A new shader construct, input attachments, would have to appear, along with the functions needed to interact with it.

Oh and one more thing. Normally, extensions are things you ask for. But a TBR cannot efficiently implement D3D 12 as written. So on a TBR implementation, you would essentially be forced to use the TBR-based D3D 12. So you would be unable to render the normal way.

This would be a mandatory extension based on the specific details of the implementation.

Which means if you want to write code for both kinds of platforms, you have to do a lot of work. You would have to write a significantly modified backend for TBR and non-TBR platforms. Indeed, you’d have to use different shaders. A non-TBR deferred renderer would attach the written textures as regular textures; a TBR one would make them input attachments.

You can argue about whether some ideas in Vulkan are good or bad, whether improvements could be made towards some purpose. But its render pass system is neither a mistake or a compromise. It’s a good thing for everyone; having a single API that works across TBR and non-TBR platforms efficiently is good.

And it’s not like the render pass model is useless for non-TBR hardware. Read/modify/write operations were possible on older APIs, but these were esoteric things that required lots of knowledge and care. In Vulkan, input attachments take the arcane nature of them and make them much simpler and easier to use.

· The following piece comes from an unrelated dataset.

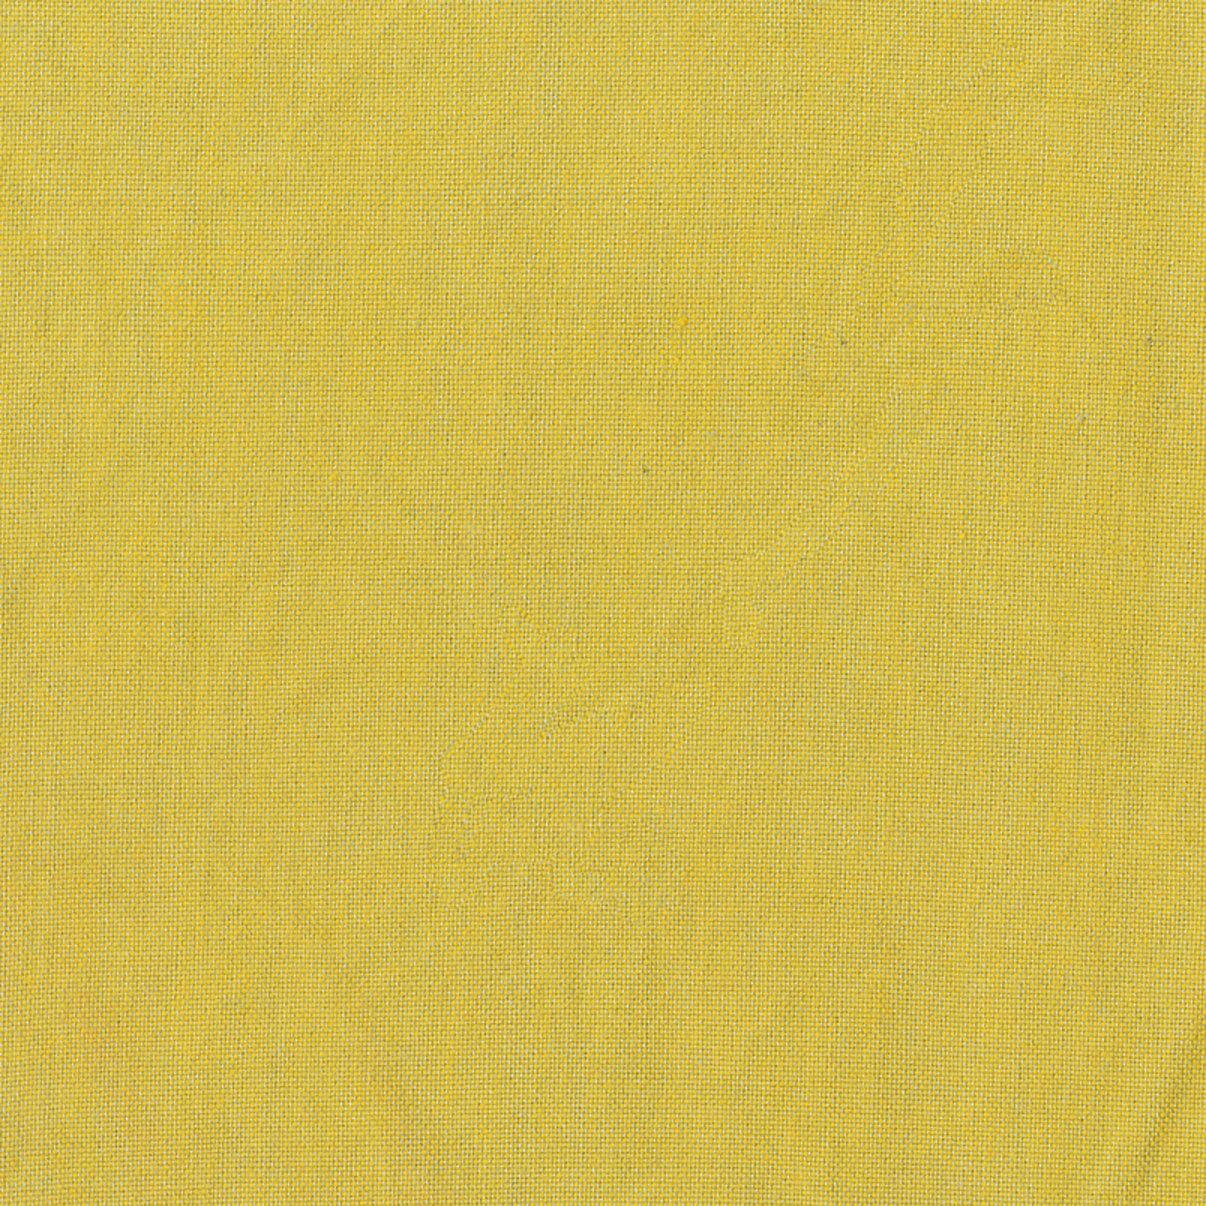 Windham Fabrics Artisan Solid (Yellow/Grey)

In their defense, the 32 memory type limitation isn’t really that bad. Let’s look at the numbers.

Vulkan strictly defines the possible propertyFlags bitfield combinations that are available. There are exactly 9 valid bit combinations. Which means that, in order to even possibly pass the 32 type limitation, you would need to have more than 3 heaps.

And even that is unlikely, because there’s really no reason for a single heap to offer all 9 property combinations. If you look at realistic scenarios, the limit would probably be 4 memory types, spanning the full range of host visibility options.

Which means that in reasonable implementations, you could get up to 8 memory heaps before you would start to run into limitation issues.

So the choice is to use a limit that’s high enough that it’s unlikely to be hit, or force the user to allocate memory for the return value. And since getting these bits is something applications have to do quite a lot (you always have to check image/buffer requirements, so that you can plan your memory allocation strategy), they probably decided that using a high enough limit was adequate.

Or maybe the collective leaders of this industry have some idea what they’re doing.

xaxazak · May 27, 2017, 9:50am

[QUOTE=Alfonse Reinheart;42368]My point is that they have been tried and they do not work. Even the “scalar” thing has been tried. NV_vertex_array_range had that for GPU memory allocations. How well did it work? Not well at all; NVIDIA basically had to tell developers, “these numbers correspond to these memory types.”

After trying something multiple times and watching it fail, at some point you have to recognize that it just isn’t working.[/QUOTE]So it’s basically just programmers misusing it, then? Is that really an unsolvable problem? Can we not say get a layer to report back and say “you’re misstating your image/buffer memory usage”.
Plus, history’s full of things that didn’t work for ages until they did.

[QUOTE=Alfonse Reinheart;42368]I don’t understand. Your original point was that this special read-only texture RAM would be special because it would be faster to access[/QUOTE]Yeah, I think I misunderstood your point about the bottleneck. I did mean they were faster to access.

[QUOTE=Alfonse Reinheart;42368]And what you lose by having dedicated RO-texture RAM is that you can’t use it for other things as effectively. You may be increasing performance of one use of a GPU, but you’re limiting the creativity of your users to find other ways to do what they want.[/QUOTE]True. These are GPUs though, which already feature a ton of texture-specific hardware.

[QUOTE=Alfonse Reinheart;42368]The time and money you invested into that dedicated RO-texture RAM is time and money you didn’t invest into more generally useful things.[/QUOTE]That’s a fair point. The RO-texture RAM was only an example idea of mine though. I have no idea what IHVs would want to add.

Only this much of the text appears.